Skip Doctor's Appointments
Your healthcare provider can assist you in monitoring for complications and staying healthy. The scheduled visits are essential for keeping track of your health and ensuring that you remain symptom-free. This is especially important if you're going through infertility treatment. Some medications can cause serious complications, so you must be closely monitored.
Forget to Keep Track of Your Periods
Endometrial cancer is a risk if you do not have regular periods.4 Though uncommon, frequent missed periods can increase your chances of developing this complication. When life gets hectic, it's easy to lose track of when your last period was, so designate a special place or calendar to keep track of it.
Ignore Your Symptoms
The good news about PCOS is that there are numerous medications and treatment options. There's no need to dismiss your symptoms or assume they're something you'll have to live with.
Check in with your healthcare provider on a regular basis to discuss your symptoms, and don't be afraid to express your dissatisfaction with the treatment.
Underestimate Your Need for Sleep
Sleep disturbances, such as insomnia and obstructive sleep apnea, are more common in people with PCOS.5 Sleep is essential. If you don't get enough of it, your hunger hormones will be disrupted. This can lead to an increase in calorie consumption, which is usually not from healthy foods.
Getting enough sleep can assist you in losing weight and feeling better. The majority of people require six to eight hours of uninterrupted sleep per night.

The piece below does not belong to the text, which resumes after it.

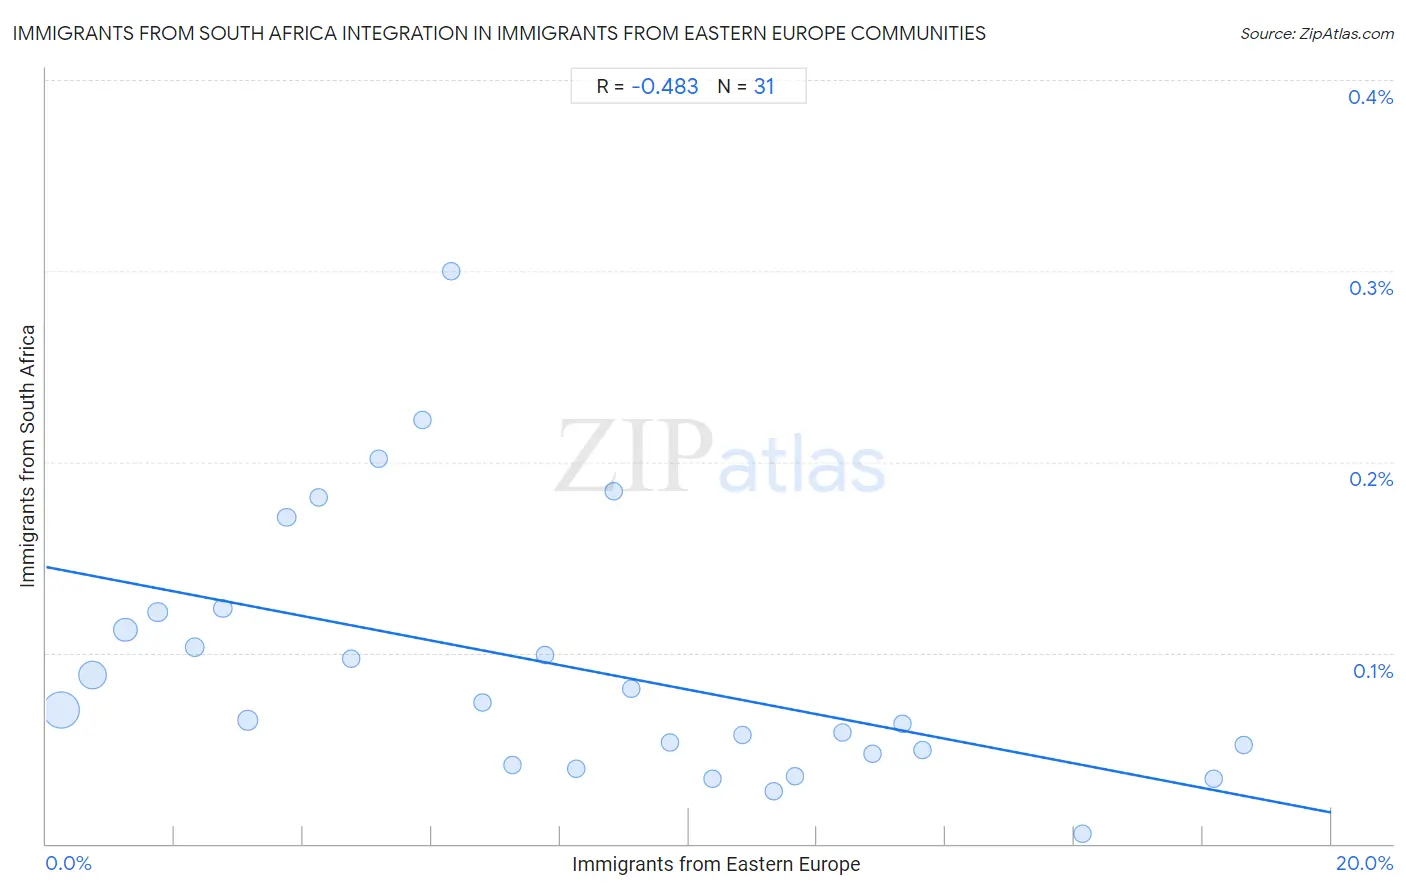 Immigrants from Eastern Europe Integration in Immigrants from South Africa Communities

Take Your Medication Irregularly
Medications, such as the birth control pill, are most effective when taken as directed and at regular intervals. Skipping doses or failing to take it on a regular basis can render the medication ineffective, if not dangerous.
Taking metformin, for example, if you do not intend to eat, can cause your blood sugar to drop to dangerously low levels. When you pick up your medication from the pharmacy, make sure you understand how and when to take it.
Ignore Symptoms of Depression
Depression is not something you can "snap out of," but rather a serious condition that requires the attention of a mental health professional. People with PCOS are known to be significantly more likely to suffer from depression.
If you suspect you are depressed and are experiencing symptoms such as sadness, difficulty eating or sleeping, weight loss or gain, or sleeping and eating excessively, talk to your healthcare provider or schedule an appointment with a counselor.
Keep It to Yourself
PCOS can be a difficult condition, and having a good support system is essential. So, if you don't know anyone else who has PCOS or have no one with whom to discuss it, look for a support group.
There are numerous organizations that provide opportunities to meet other women with PCOS. Also, consult with your healthcare provider for suggestions.